The robots.txt file, known as Robots Exclusions Protocol , is an essential part of your website. Give instructions to search engine robots that review your web pages. If you configure it badly it can harm your positioning or, even worse, make it totally invisible to the search engines.
In this post, we explain everything about robots.txt to avoid errors and improve the SEO of your website.
What is robots.txt?
It is a list of instructions for search engines such as Google, Bing, and Yahoo etc. Indicate the areas of your website that can be indexed and those that cannot. From this definition you can understand the importance of this file for the correct positioning of the pages and elements (categories, products, images, etc.) of your website.
How does robots.txt work?
When robots crawl your website, the first action they take is to search your robots.txt file to know which page to visit and index.
To find the robots.txt on your website or blog, you only have to add /robots.txt to your domain.
When do we have to use robots.txt?
Robots.txt is useful in the following circumstances:
Ignore duplicate pages.
Do not index the internal search results (done with the search engine of your own website).
Do not index some areas of your website.
Do not index some files (images, PDF documents, etc) of your website.
Indicate to the search engines where your sitemap is located.
There are several reasons why a robots.txt file would be a beneficial addition to your website; these are:
The duplicate content
You can have duplicate content on your website. The duplicate content is punished by the search engines and should be avoided whenever possible.

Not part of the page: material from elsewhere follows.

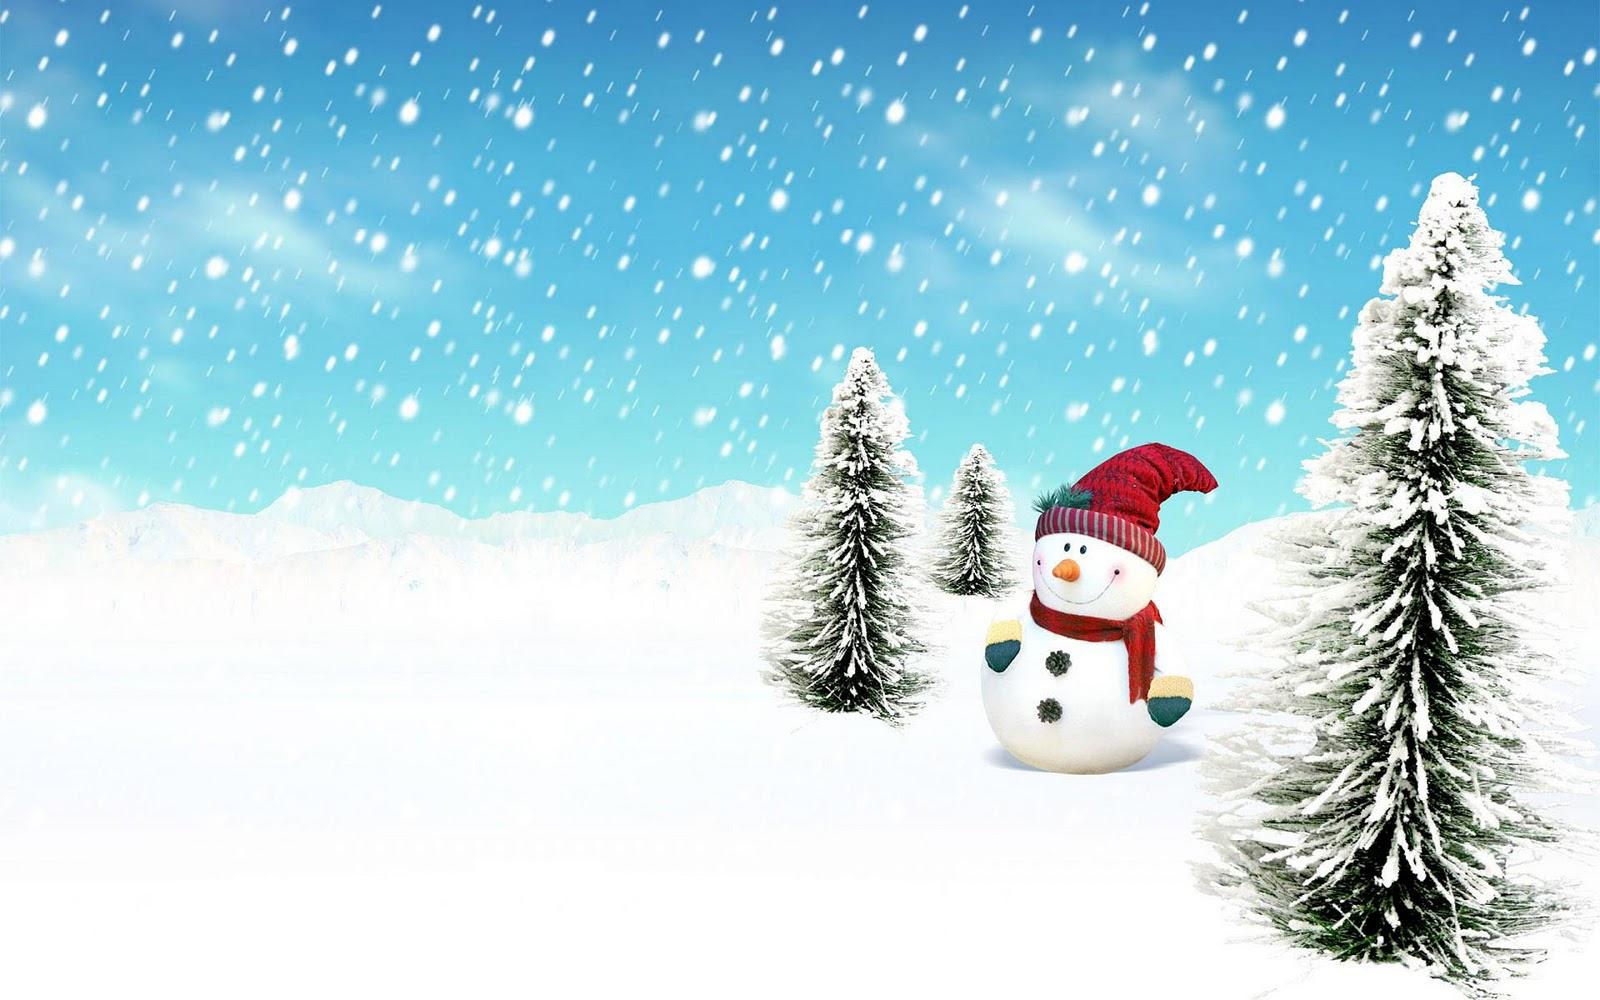 snowman computer wallpaper 52516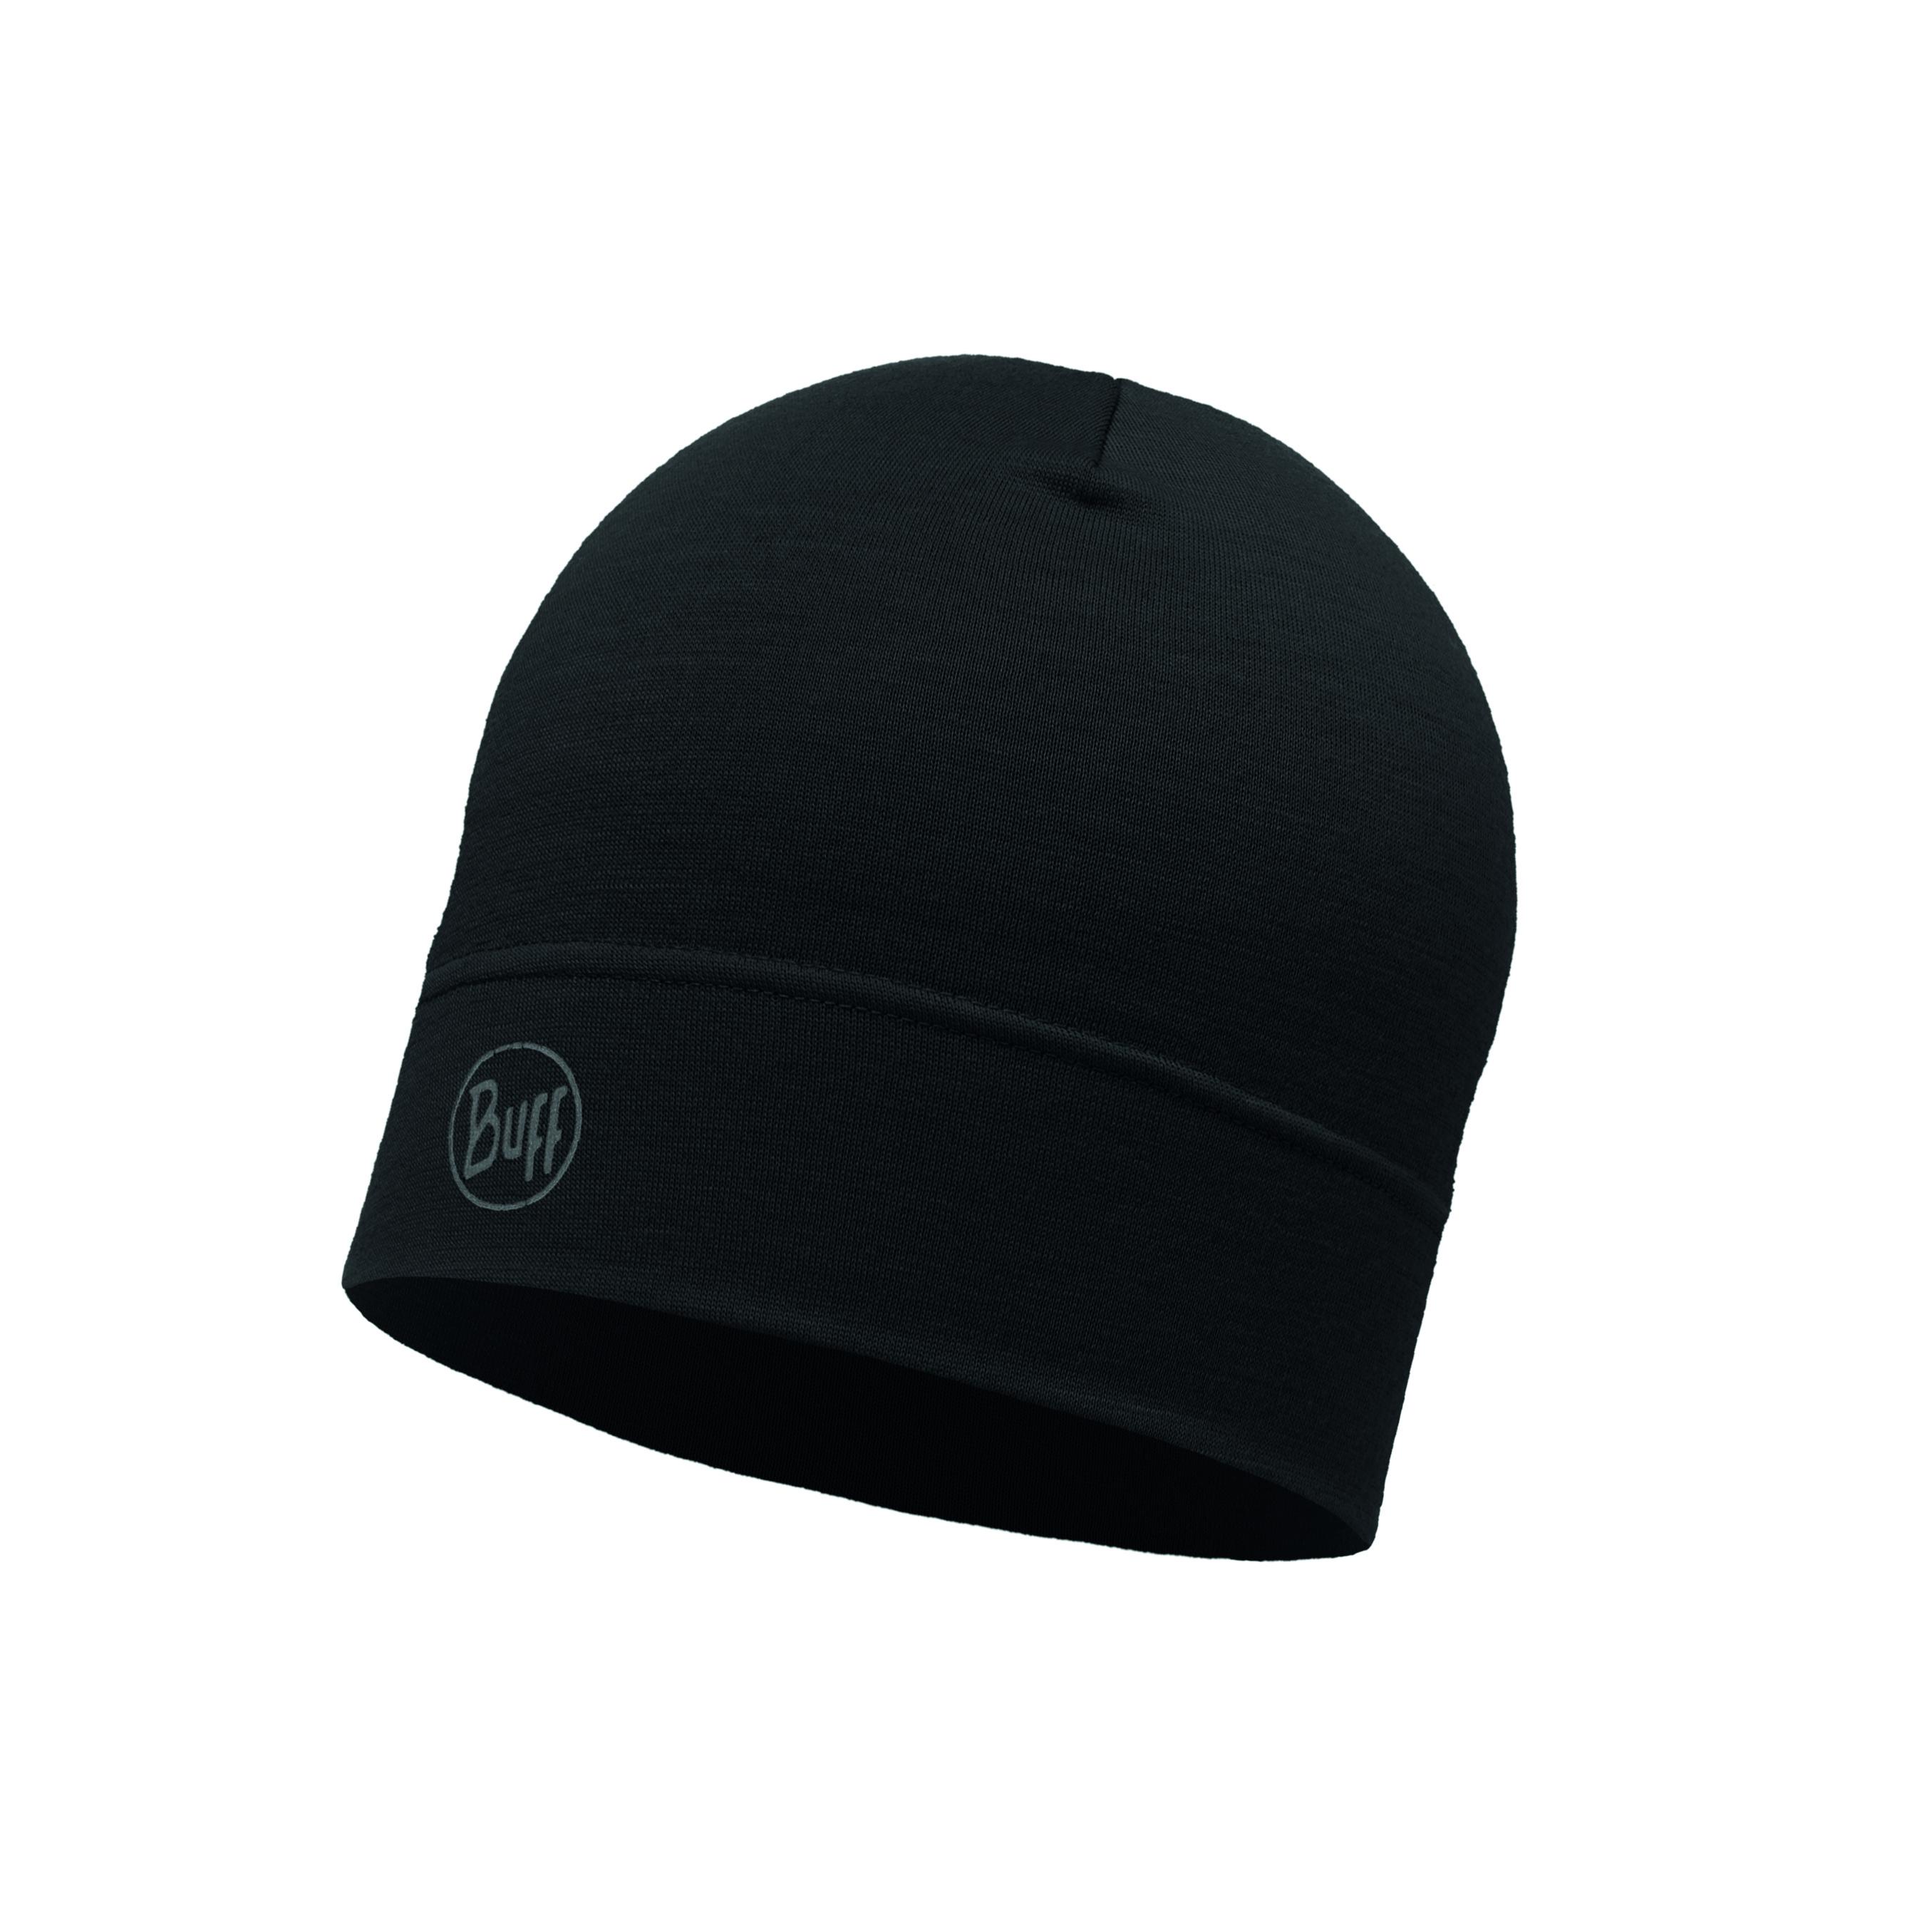 Купить Шапка BUFF MIDWEIGHT MERINO WOOL HAT SOLID BLACK, Аксессуары Buff ®, 1308057

The robots.txt file allows you to do away with the duplicate content of your website by giving instructions to web crawlers.
For the duplicate contents canonical labelling can be used (we will talk about it in a next post).
Results of the internal search
If you have the internal search function on your website, you can choose to omit the pages of results generated by this type of query.
Ignoring the protected areas of your website
You can tell web crawlers to ignore some files or areas like the employees’ intranet. There are legal reasons to do so, how to protect employees’ information data, or simply because they are not relevant pages for users of your website.
Locate your sitemap.xml file
Another tool used by robots is the sitemap, or site map, where the tree of locations of the pages of your website is detailed.
Inserting the URL of the sitemap in your robots.txt facilitates the tracking of robots to the most important content of your website.
Create a robots.txt file
Create a new text file using Text Edit (Mac) and Notepad (PC) and save it as the name “robots.txt”
Upload to the root directory of your website normally called “htdocs” or “www”, which causes it to appear directly after the domain name.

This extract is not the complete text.